Space travelers face a number of health risks. Astronauts have reported loss of bone and muscle. Some have developed immune disorders or heart and liver issues. A new study finds that energy-producing structures in cells might be to blame for many of these problems. That finding could guide treatments for future astronauts en route to such faraway places as Mars.
As a systems biologist, Afshin Beheshti studies how multiple parts of the body work together. He works for KBR at the NASA Ames Research Center in Moffett Field, Calif. KBR is a research and engineering company. Beheshti is part of a team of researchers who wanted to know how spaceflight might affect cells and tissues. “It’s a basic question,” he notes. When in space, “is there some sort of master switch that occurs in your body’s biology?”
The team consulted NASA GeneLab. It’s a collection of data from past space biology experiments. The scientists studied cells and tissues from mice and people. They were looking for a possible chemical fingerprint of space travel. To do this, they compared space travelers with others that had remained on Earth.
“The idea is not only to look at one type of [chemical],” Beheshti says. Rather, they wanted to “look at the [living] system as a whole.” And in doing that, they found a common theme. Mitochondria (MY-toh-KON-dree-uh) are the energy powerhouses of cells. And after time in space, mitochondria often didn’t work as well as they should.

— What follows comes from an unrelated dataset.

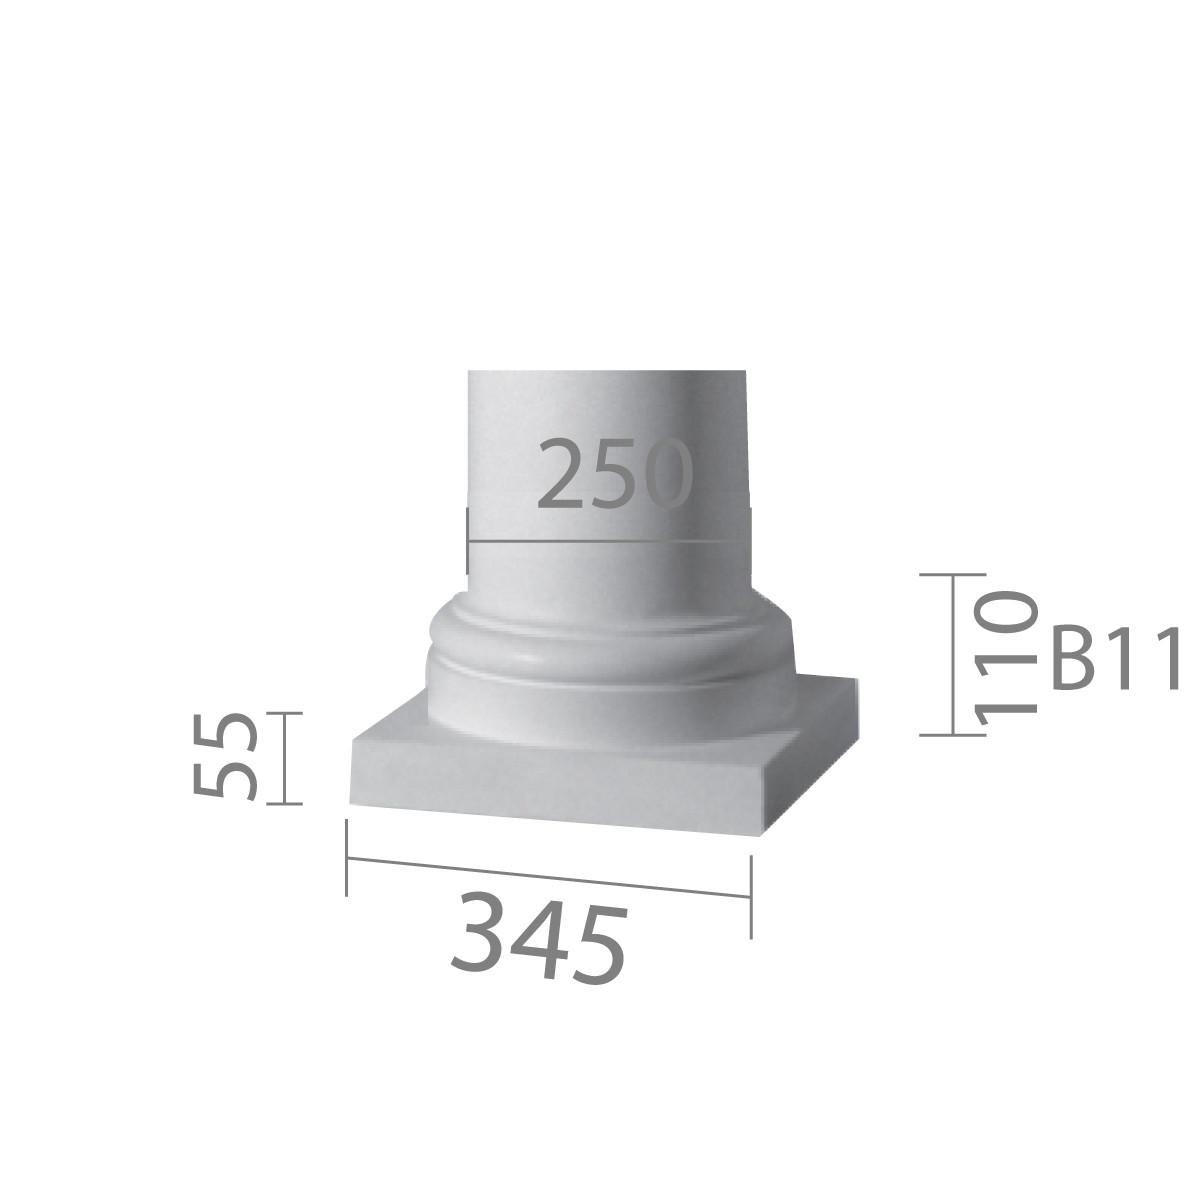 База колонны  б-11 1/2 (энтазис)

Those findings are consistent with samples from NASA’s Twin Study. Before retiring, astronaut Scott Kelly spent nearly a year aboard the International Space Station. His twin, Mark, remained on the ground. Afterward, blood samples from the two showed different mitochondrial activity.
Changes in space
For the latest study, Beheshti and his team studied GeneLab data for many types of cells and tissues. The researchers looked at proteins and RNAs in each sample. (RNAs are genetic bits that help cells carry out instructions stored in DNA.) The researchers also looked for epigenetic changes to DNA. Those are chemical switches that can develop on the outside of genes. These may inappropriately turn genes on or off, or affect how well they work.
Another focus was molecules related to metabolism (Meh-TAB-oh-lism). That process includes a mix of chemical activities that supports life in cells, organs and whole organisms. These activities range from eating (energy consumption) to burning calories, making new cells and shedding wastes.
The team also examined blood and urine from 59 astronauts. Spaceflight seemed to have caused many biochemical changes in them. One symptom: Space travelers had more chemicals known to trigger inflammation. The researchers also found signs of oxidative stress, a type of cell damage. That damage can be due to poorly functioning mitochondria.
The chemical findings reflected the types of health issues seen in astronauts. For instance, some astronauts have developed liver problems. And computer models using GeneLab data predicted chemical changes in mouse livers linked to scarring. Mouse organs sent to space also had higher levels of RNAs that play a role in the body’s innate immunity. This immune system sends white blood cells to attack invaders, such as bacteria. Such an immune imbalance could match up with the high levels of inflammatory markers found in astronauts’ blood.
Damage to mitochondria may be a common factor in spaceflight health risks, the team now concludes.
Finding similar changes in so many astronauts indeed points to some general effect, agrees Michael Snyder. He’s a systems biologist at Stanford University in California. Snyder worked on Scott and Mark Kelly’s Twin Study but was not part of the new analysis.
If mitochondria are the culprit, targeting them could help protect future astronauts. Some diseases cause mitochondrial defects. Drugs used to treat such diseases may reduce astronauts’ health risks. “We don’t have to reinvent the wheel,” Beheshti says. Future studies could test if existing drugs prevent mitochondrial problems in cells, animals and people on long deep-space voyages.